The theology of the Cross (I)

Archimandrite Athanasios Mitilineos

For today’s topic I will make appeal to your love to have some patience, although I know that I always wear you down. But you should know that sometimes things are reached in such a way that we have to apply some effort.

You shouldn’t expect that the Word of God would be so easily and pleasantly understood. Sometimes we have to apply effort to understand it. I don’t hide from you, my dears, that in order to understand something sometimes, and this happens quite often, I read and read again, I pray and pray again, I read all over again, I go back to the text over and over again, tarrying upon it so that I could understand something. Therefore, as you see, the Word of God must be studied carefully and conquered by force. So don’t grumble if today the Word of God will be more profound and difficult.

Christ’s death on the Cross is a mystery. It has not only a moral meaning, but also a mysterious, liturgical one. It is the Passover of the New Testament and its hidden meaning it’s revealed in the Lord’s Last Supper, we talked about in the preaches from the previous year. It might seem strange that the Eucharist, the mystery of the Divine Liturgy that was celebrated for the first time at the Lord’s Last Supper, preceded Golgotha. There, in the pavilion, Jesus said to his disciples: “Take and it, this is My Body. Drink from it all of you, this is My Blood.”

As you noticed when He took the bread and said “this is My Body” and took the cup of wine and said “this is My Blood”, he hadn’t suffered yet the martyrdom on the Cross, so that He could give His Body and His Blood. Then a question arises, how is it possible that the Lord’s Last Supper, or better said the mystery of the Divine Eucharist during the Last Supper, may precede the mystery of Golgotha which comes after it? However, even if the Last Supper precedes the other, it is not a challenging ceremony, right as the Divine Eucharist is not a mere symbolic remembrance, but a real mystery and sacrament, because Christ who officiates them both is the High Priest of the New Testament.

The Lord’s Last Supper, the Crucifixion and the sacrament of the Divine Eucharist which take place at every Divine Liturgy are all the same. Since Christ is One, the High Priest. Thus, the Eucharist is the mystery of the Crucifixion, of breaking and sharing Christ’s Body and of shedding and sharing His Blood.

As Saint Gregory of Nyssa writes: “Christ doesn’t wait for the miserable treason, doesn’t wait for the Jews to swoop upon Him like some rogues or for the unjust judgment of Pontius Pilate, so that the wrong done by them would become spring for the general salvation of mankind.”

According to His oikonomia, He assumes their sins in an inexpressible and uncommon liturgical ceremony. He offers Himself as oblation for us. And He becomes Hierarch and Lamb of God, Who expels the sin from the world, because the body for oblation cannot be yet eaten, as long as it is still alive.  Thus when He gave to his disciples to eat from His Body and drink from His Blood willingly and with the power of that mystery, His Body was already offered in a way that nobody can speak about or see, while His soul united with the Divine Logos is drawn towards those places He ordained with His Divine power.

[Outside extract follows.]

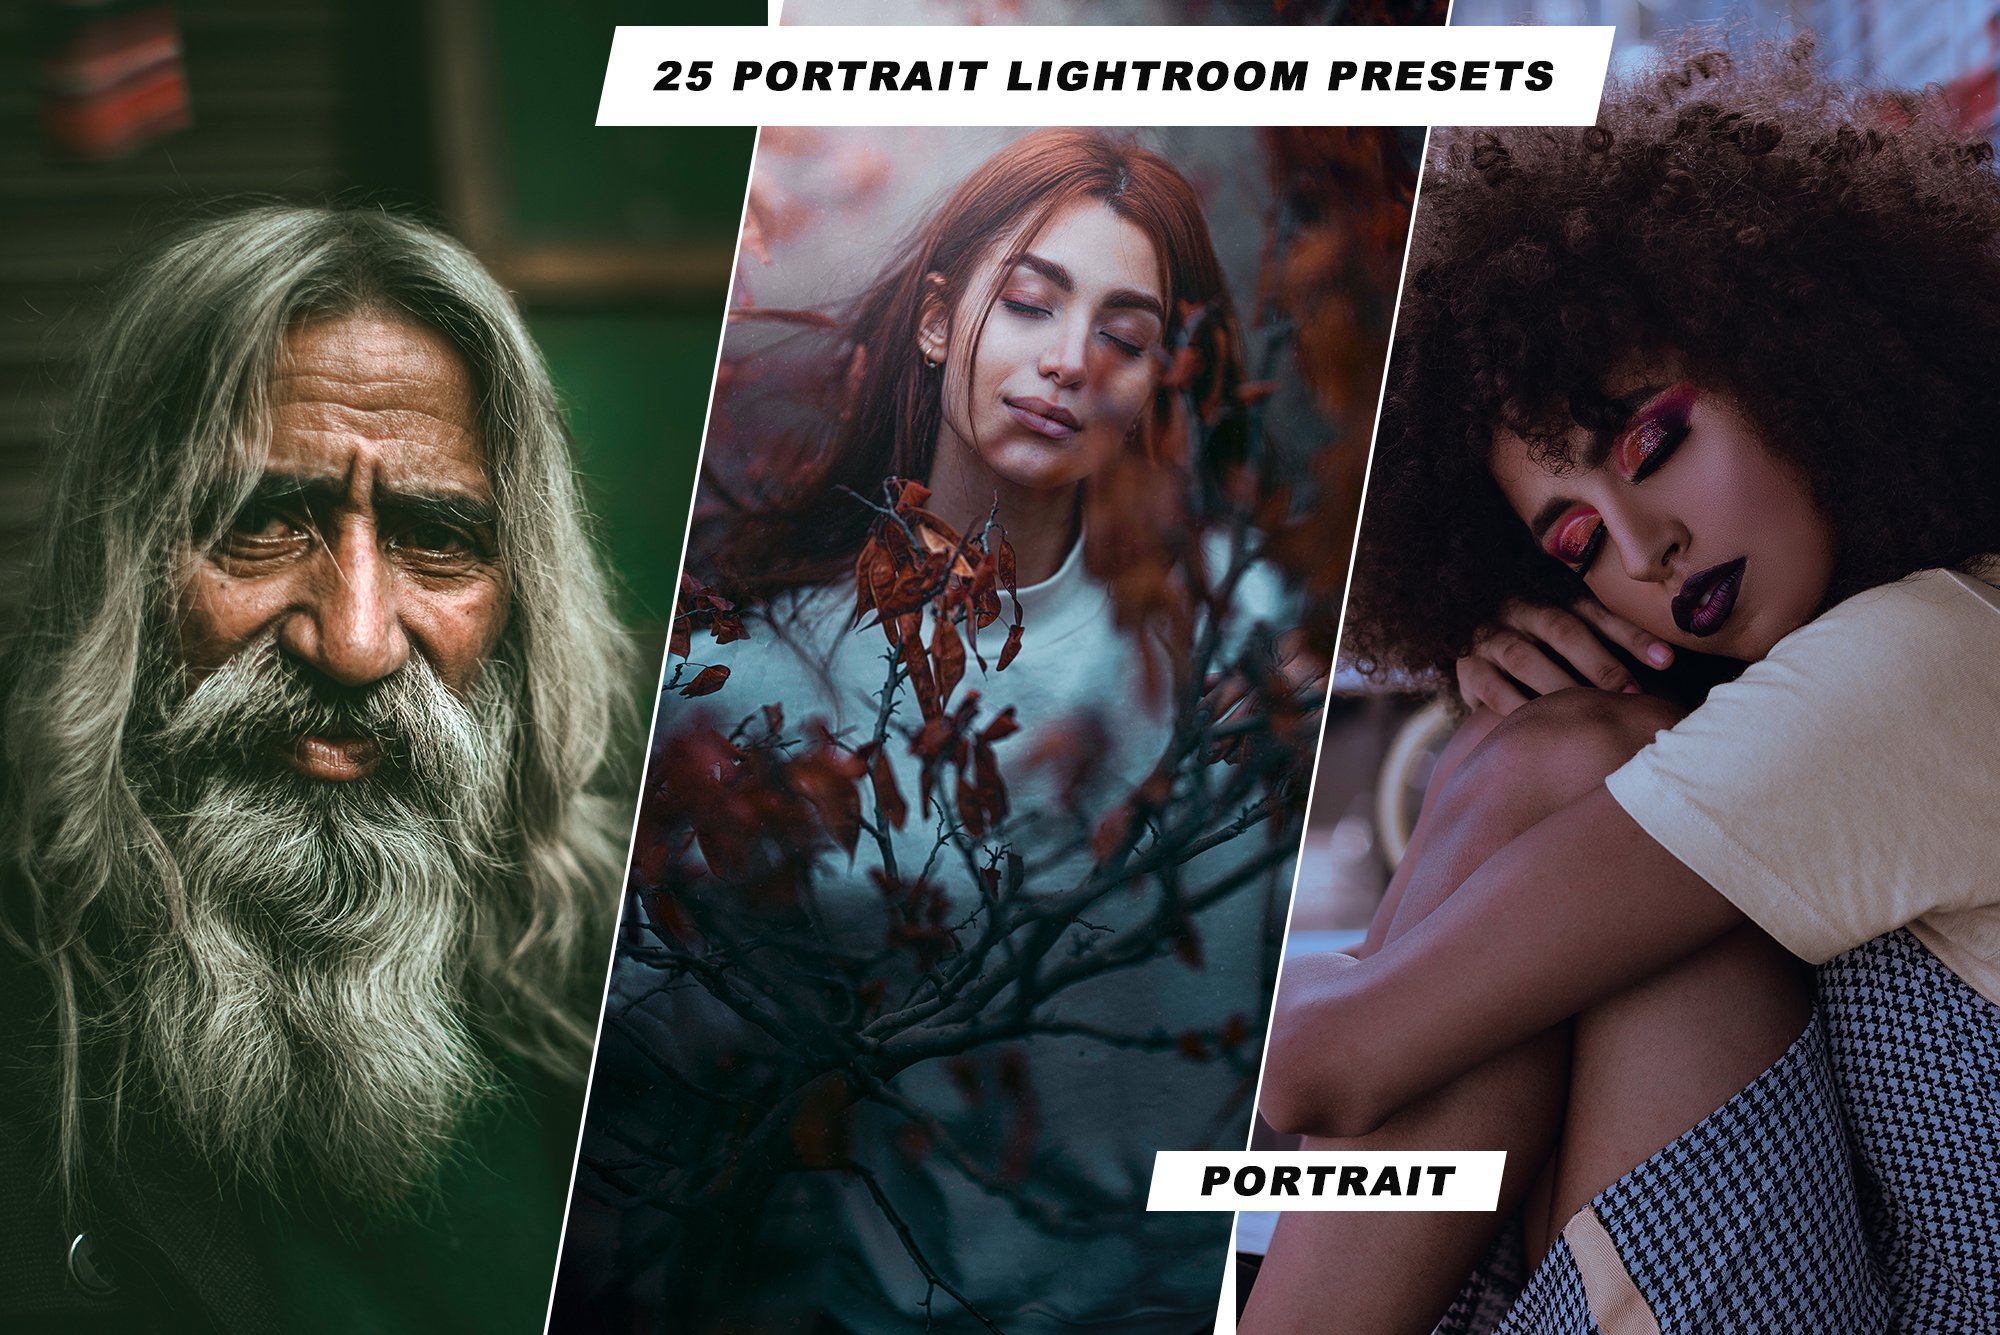 25 Portrait Lightroom Presetscover image.

What Saint Gregory of Nyssa wants to tell us means, as you may see, the following: that the voluntary separation of the soul from the body, separation we shall particularly speak about when we refer at the Lord’s burial, thus this voluntary separation of the soul from the body, this hidden agony of His expresses the beginning of the mystery. As you see, Christ is already in the mystery of the Cross before the Crucifixion begins. This is because it is the same person and as you shall see further, the mystery of the Cross had begun before the world was created, because the mystery of the Cross is found within the Holy Trinity. You will be astonished, but this is the truth.

Thus, we can’t say why the Lord’s Last Supper precedes the Crucifixion and why Christ did not give His Body and Blood after His Resurrection, so that it would be a natural succession of things. No. Christ, according to what Saint Gregory of Nyssa says in the text I mentioned before, is not constrained by anything, neither by Juda’s treason nor by the judgment of the Jews and of Pilates. He is not constrained by anything to accomplish the mystery of offering His Body and Blood.

From everything Saint John the Evangelist says, in order to see the continuation, as you remember, we saw these things I am telling you about now, we saw Saint John the Evangelist says that from Jesus’ rib started to flow out blood and water. And he told us that: “The one who saw it has testified to it and his testimony is true.” And we saw that this mystery is the Church itself. Because these two sacraments, of the divine Eucharist and of Baptism represent the Church. By Baptism we enter the Church and by the divine Eucharist we nourish ourselves. And exactly as Eve came out from Adam’s rib, the new woman, the new bride, the Church comes out from Jesus Christ’s rib. We talked about these things last time.